Reading through Hometown Magazine, I spotted an ad for two free classes at a local exercise studio. I was curious.
Swimming isn't going to work with the schedule and the finances again this semester, and I've been looking for some way to move my mass around a little more. Some way besides chasing chickens or hauling in firewood.
I called the number on the advertisement.
"How would you describe your fitness level?" the pleasant-sounding lady asked.
"Ummm, average?" I guessed.
"What do you do for exercise?" she pressed.
"Well, I do yoga a couple of times at week at home.
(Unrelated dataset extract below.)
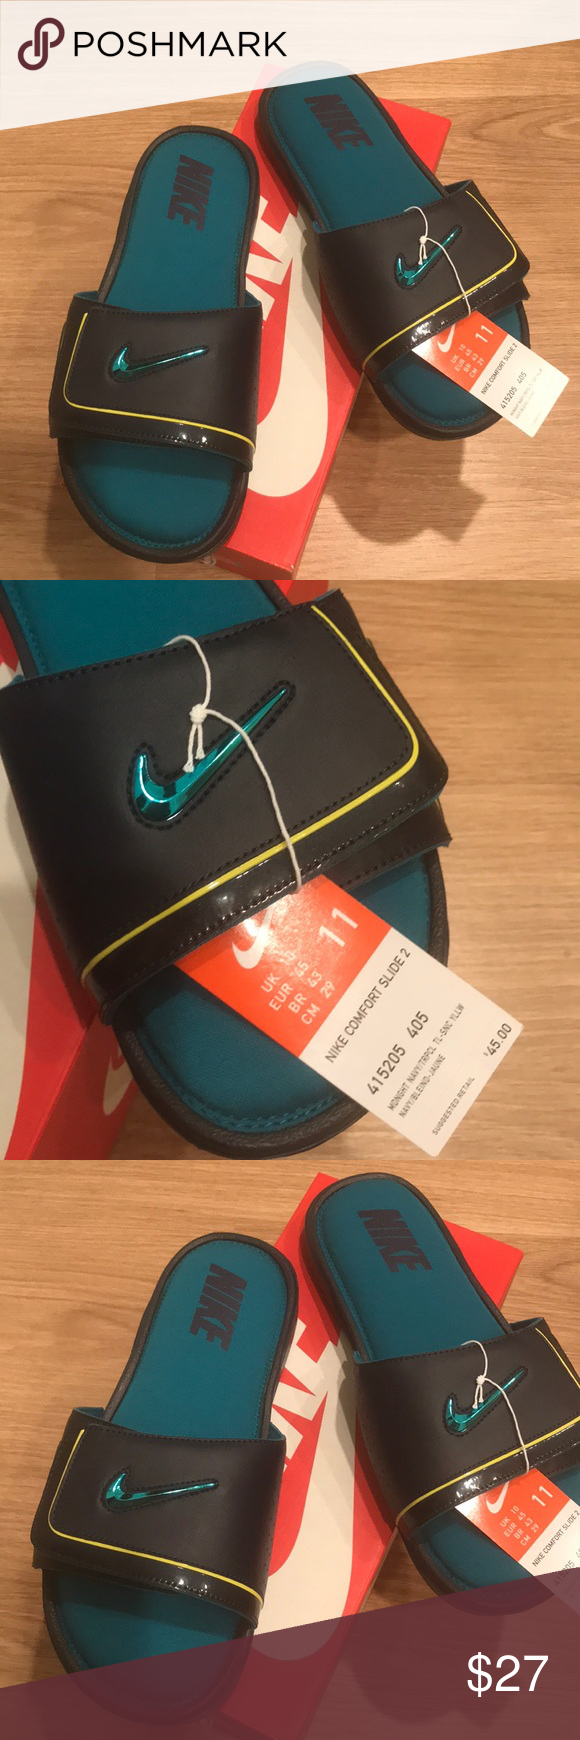 comforter comfort sandals koa shoeblack lt olukai men ohana slide arkot shoe black p nike

Occasionally, I take long walks back on the farm. I used to swim, but I haven't done that for months."
"Tell me more about yourself," she probed. "How old are you? How much do you weigh? How would you describe your overall health?"
I took a deep breath and swallowed. "Um, I'm fifty years old" - no problem getting that out - "and I weigh ..." I coughed. "I weigh...well...let's just say I'm adequately padded."
Can you think of a job requiring more poise and grace than that of a fitness-center employee who must spend her days asking middle-aged women how much they weigh?!
This got me to thinking - there are things that we all know, things that are just part of life, nothing bizarre or shameful - but that are so awkward to verbalize, to just say right out loud. Things like....
"I forgot your name - who did you say you were?"
"Excuse me, you have a piece of spinach on your teeth."
"Your zipper is open."
"I can't remember where I parked the car. Could you help me find it?"
"Where do you stock the Kotex?"
When I was still working at Wal-Mart, one of the young cashiers asked me if I would help her pick out a pregnancy test when we finished our shift. (I guess she thought a woman with seven kids probably had a lot of experience with this sort of thing!) "Sure," I answered. "Is it for you?"
"No," my co-worker replied. "It's for a friend. She's single, and she thinks she may be pregnant, and she's scared to take a test and find out. I told her I was going to get one and bring it to her house and make her take it when I got off work."
Back in the health and personal care department, Mary and I selected a pregnancy test. Then we headed to the front of the store to check out. My friend placed the pregnancy test on the belt. The cashier behind the register hesitated and raised her eyebrows, looking at Mary quizzically.
"Oh, it's not for me!" Mary exclaimed. "No way! This is for Mrs. Camille!"
I smacked Mary, paid for the pregnancy test, and laughed with her all the way to the front door.
What about you, Dear Reader? What simple little things do you find ridiculously difficult to say out loud?
blues in july
5 months ago
3 comments:
You have an in house Marine who just finished boot-camp. Bet he could whip you into shape in thirty days or less.Dad
Good point, Dad. Maybe if I agreed to let Thomas oversee my fitness program, he'd agree to let me direct his video game schedule. Ummm, then again, maybe not!
One thing I would never say to anyone, "I really don't like this food you have so lovingly prepared for me. Can I just have some crackers?" As a somewhat picky eater I have had my fair share of hungry nights after visiting friends!